### Task statement
When you copy the data, keep every line exactly as written and skip the pictures.

### Available data
........
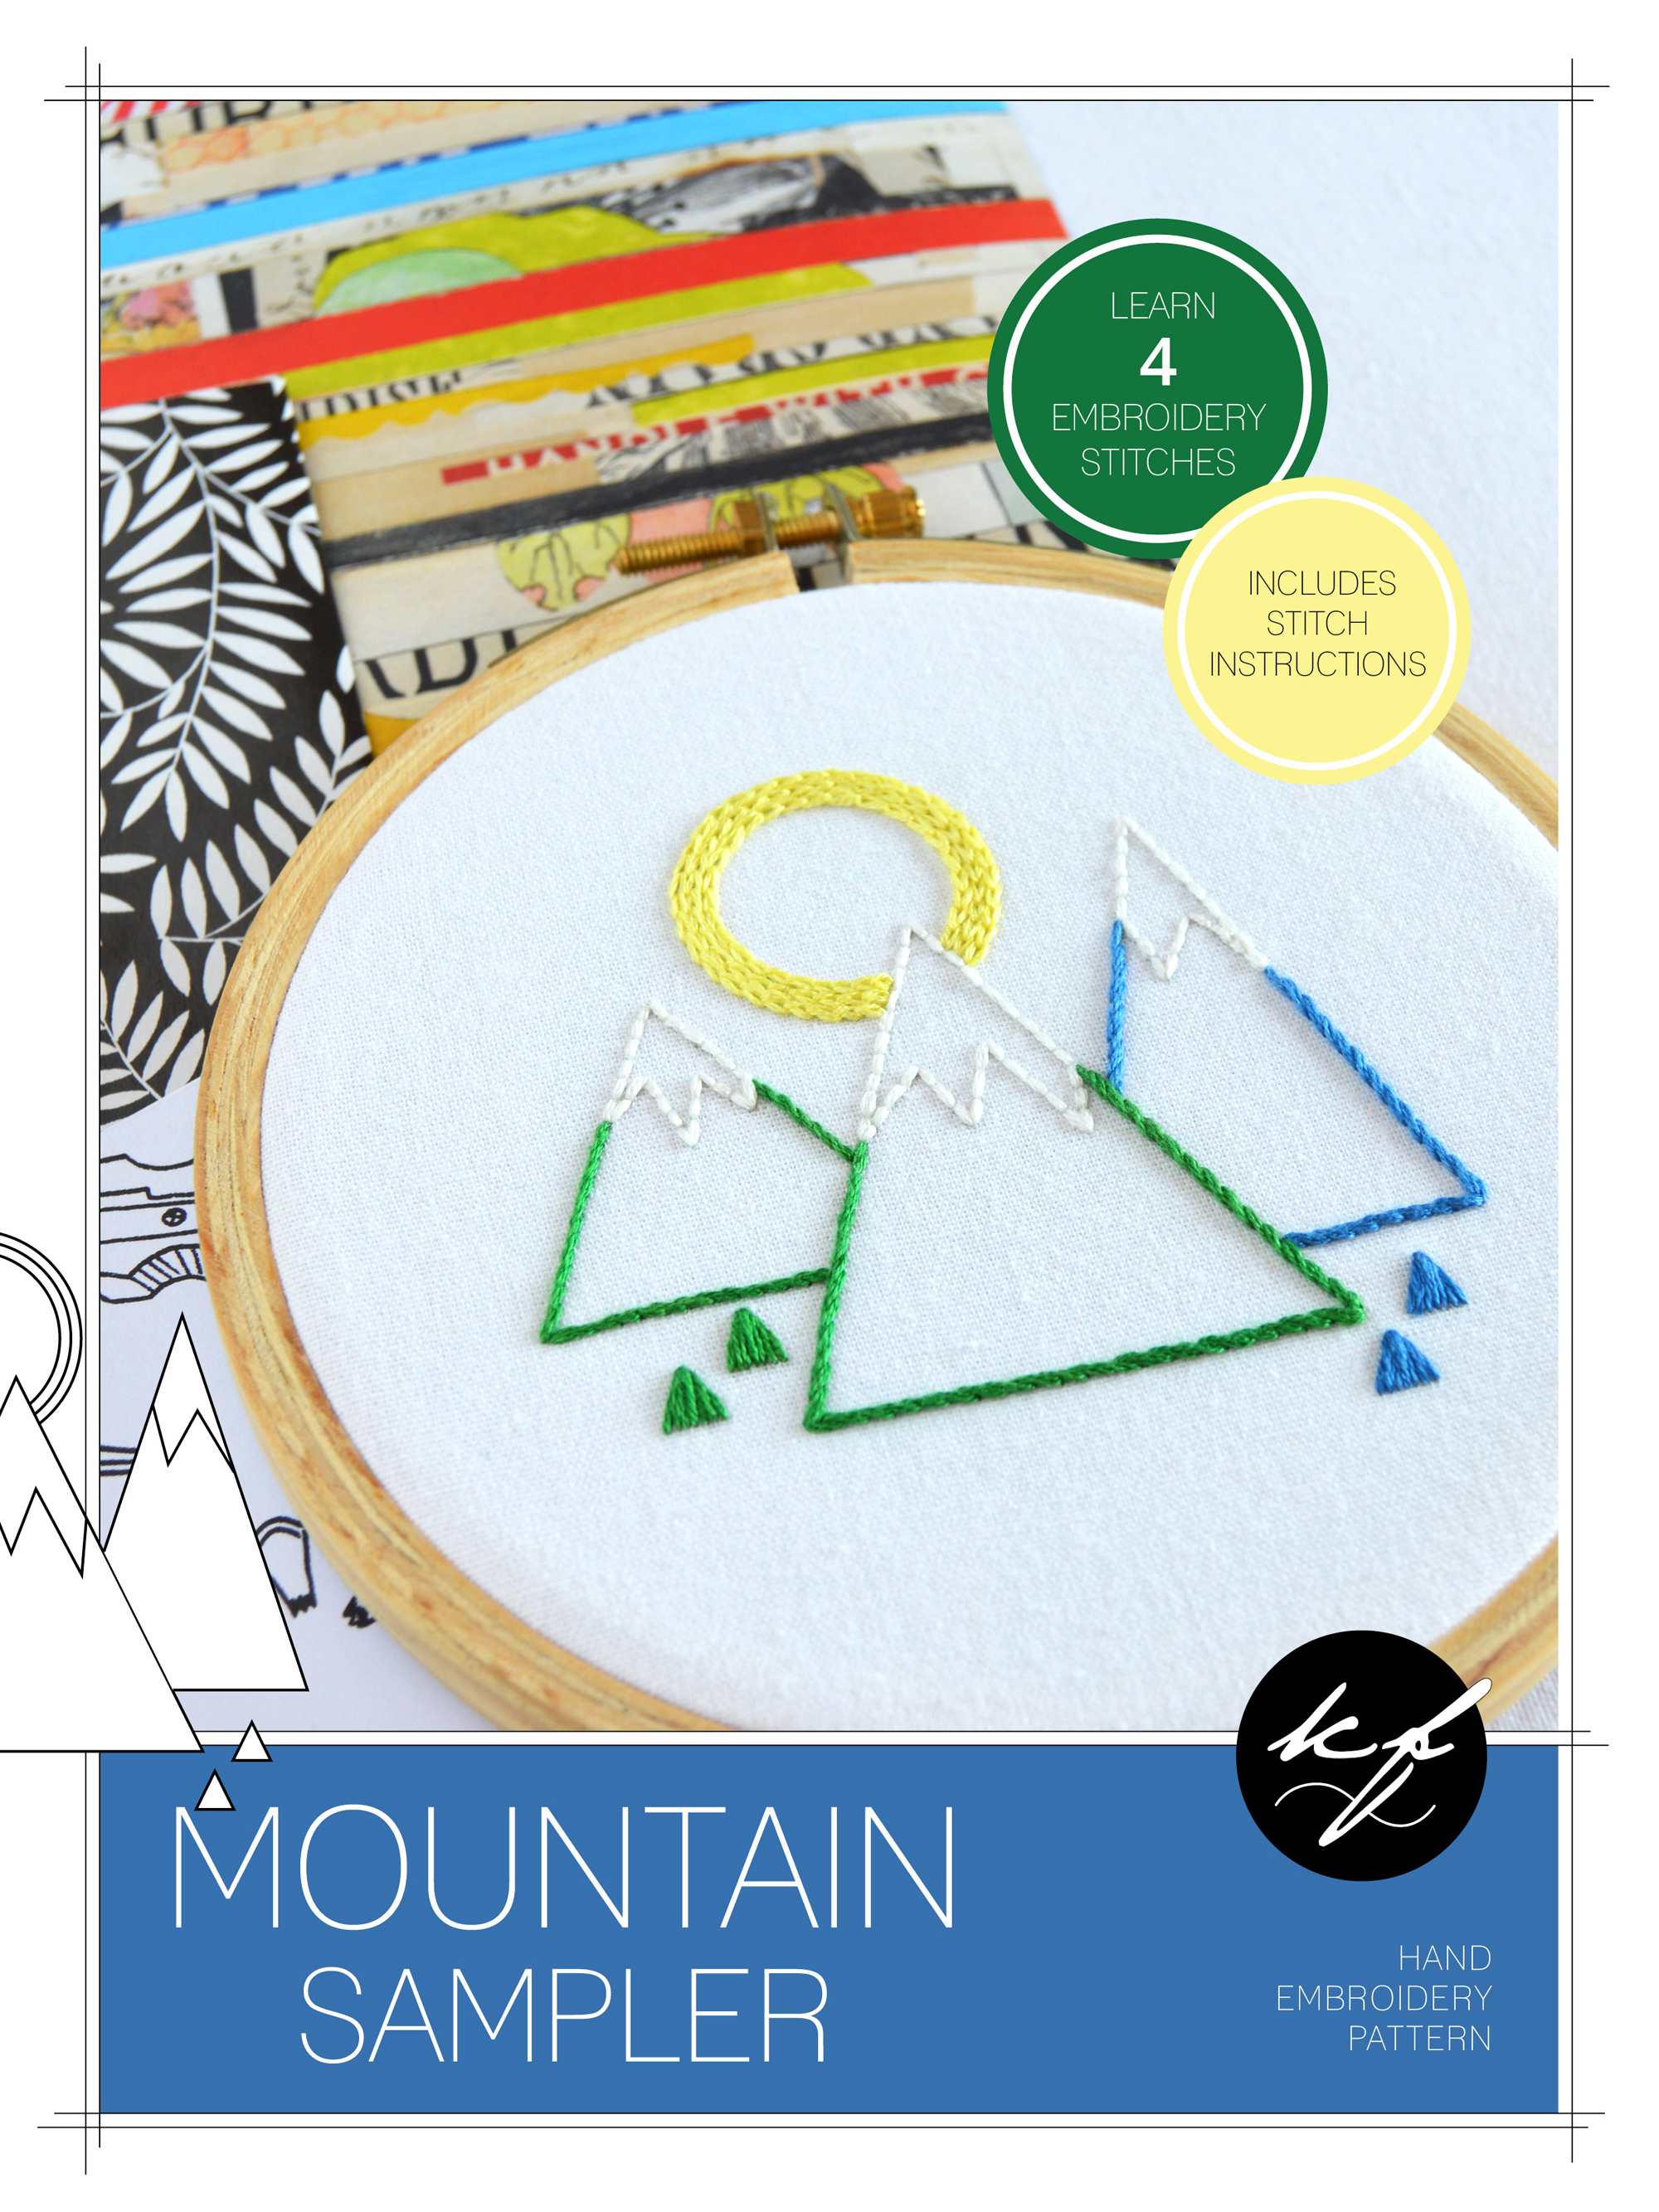 MountainSamplerEmbroideryPattern_KellyFletcher.jpg
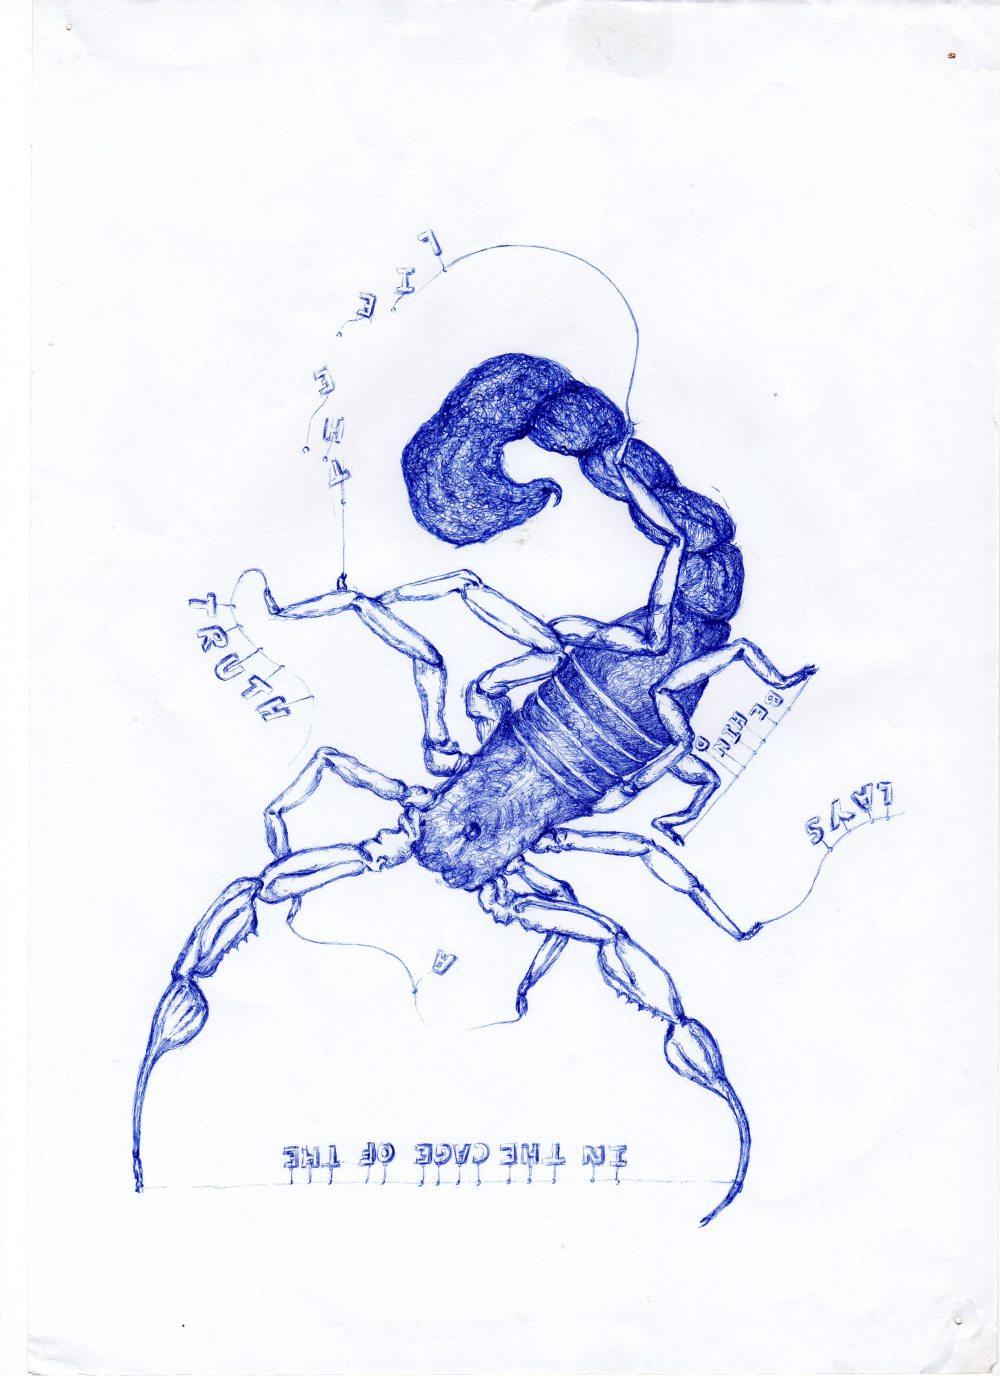 elescorpionazul
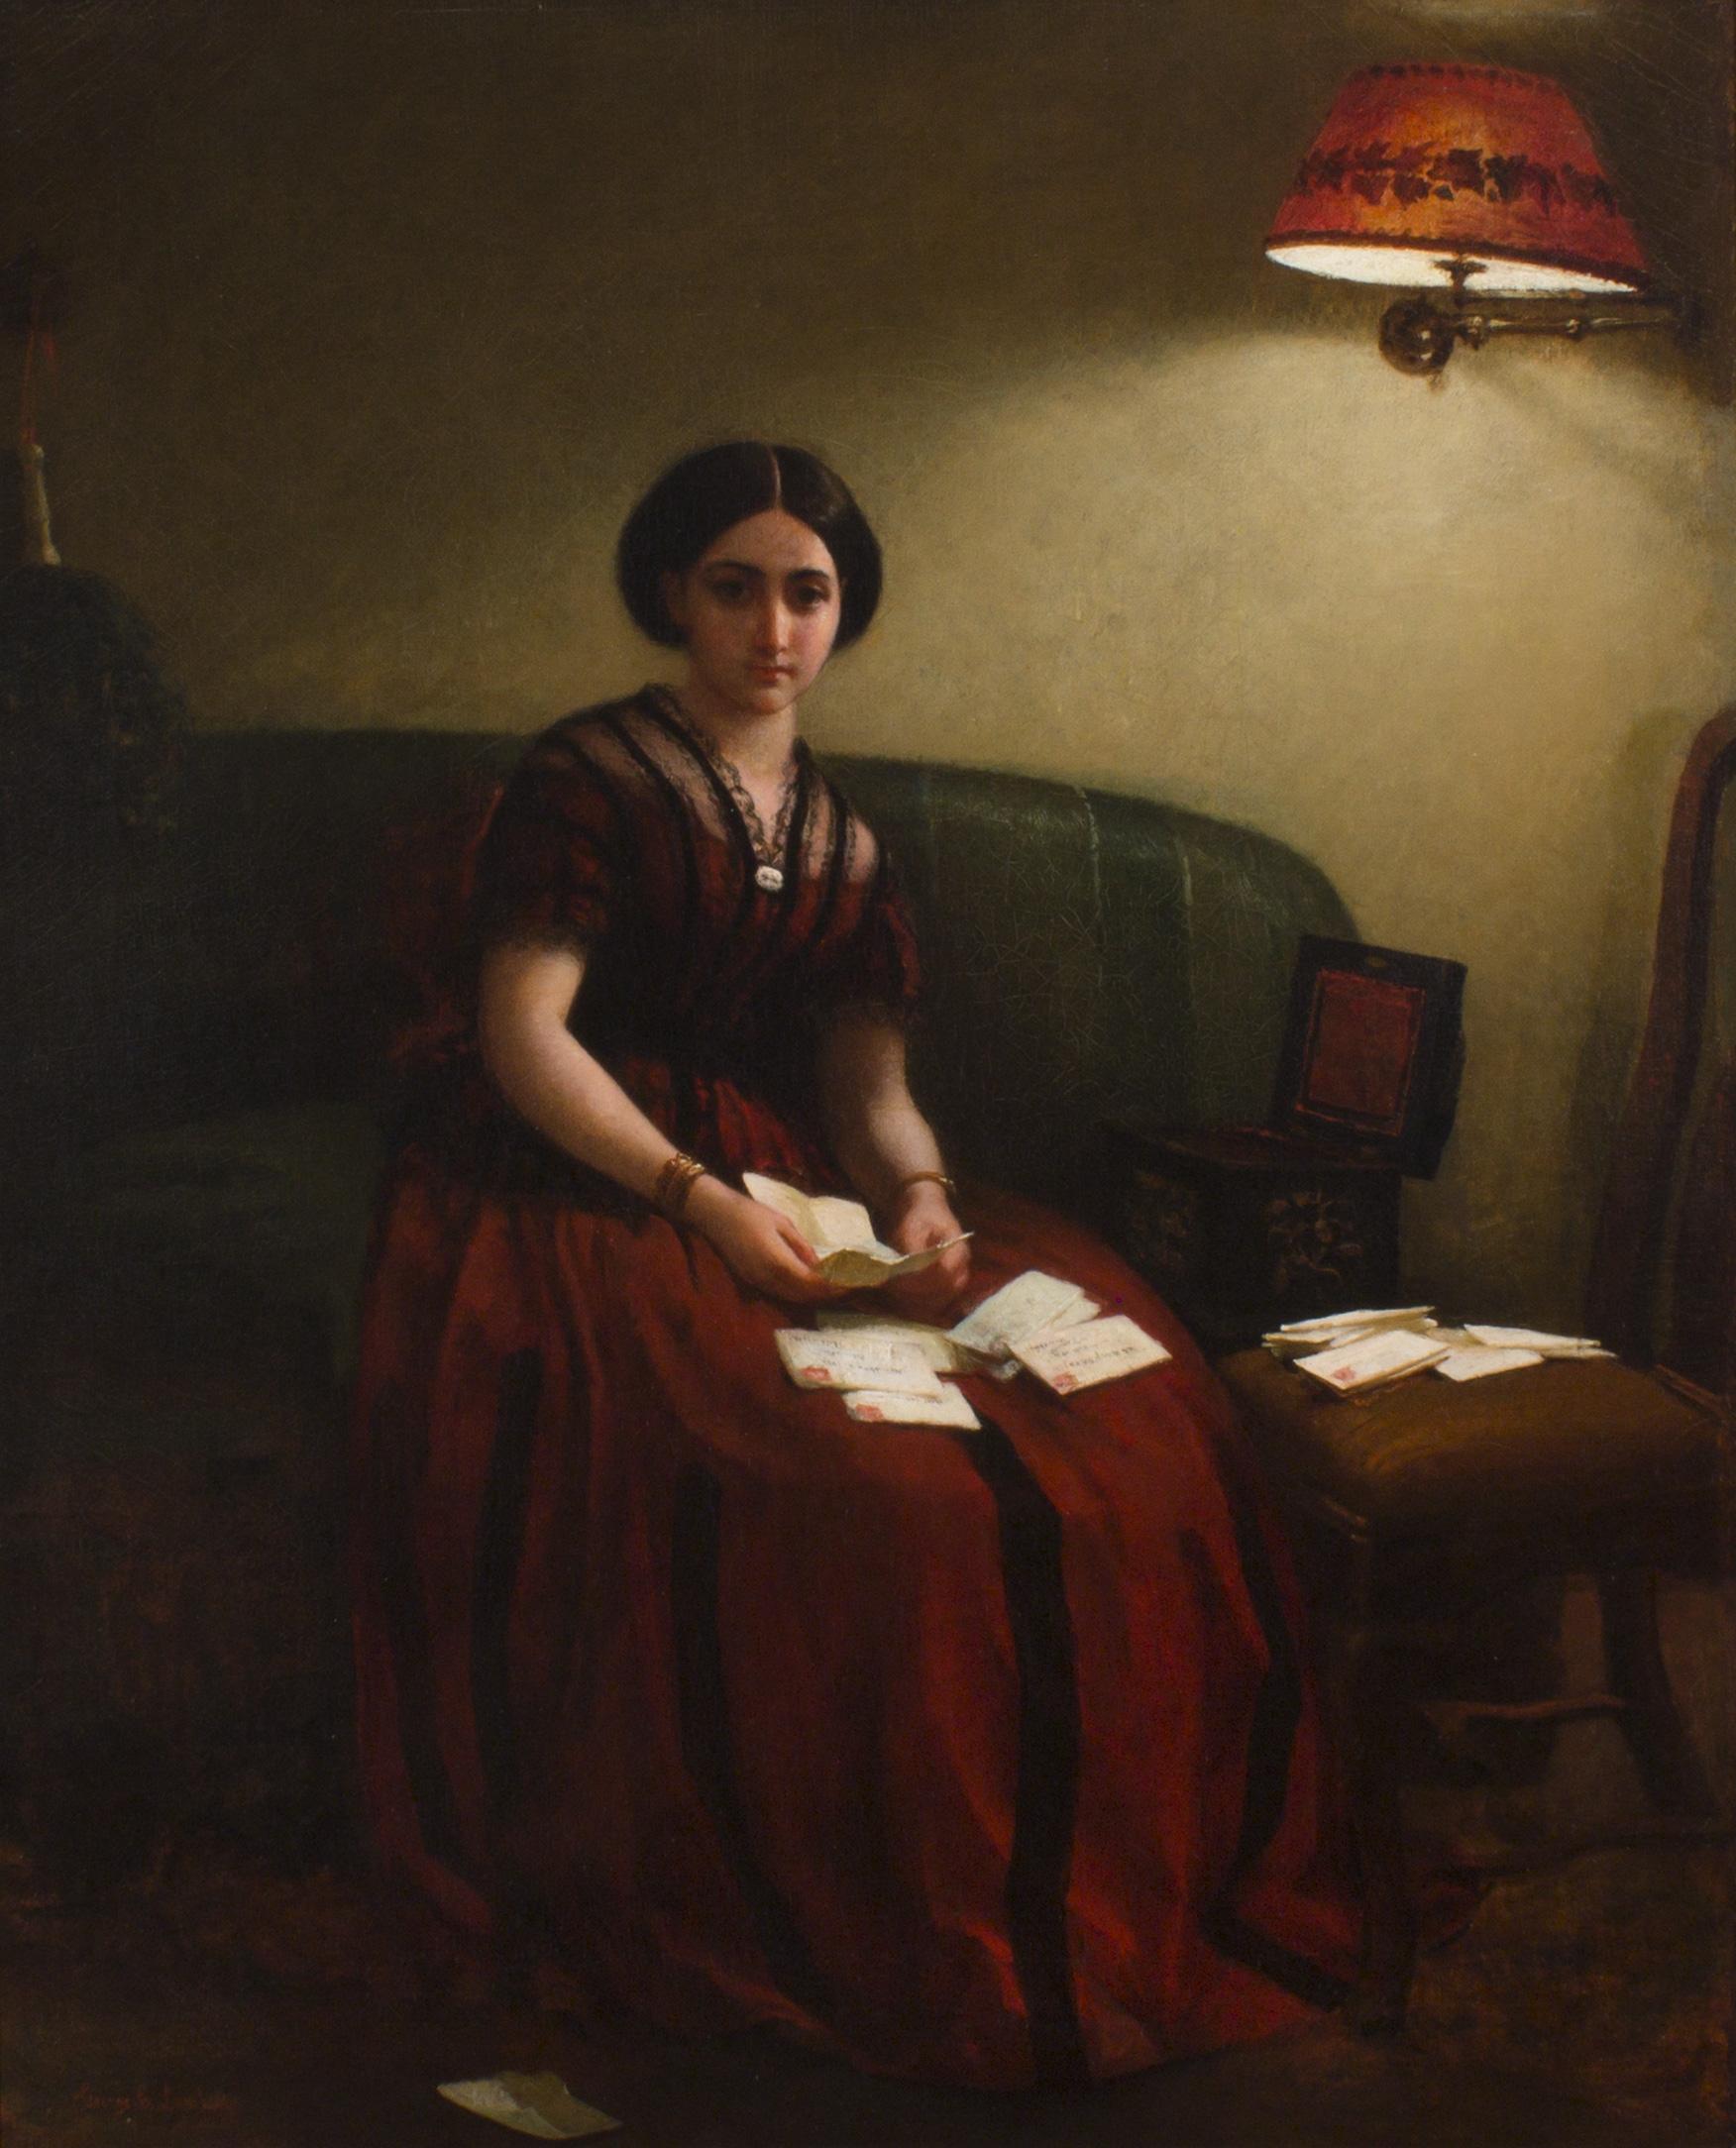 Woman on Sofa Reading Letters (George Cochran Lambdin)
........
### Response
 MountainSamplerEmbroideryPattern_KellyFletcher.jpg
 elescorpionazul
 Woman on Sofa Reading Letters (George Cochran Lambdin)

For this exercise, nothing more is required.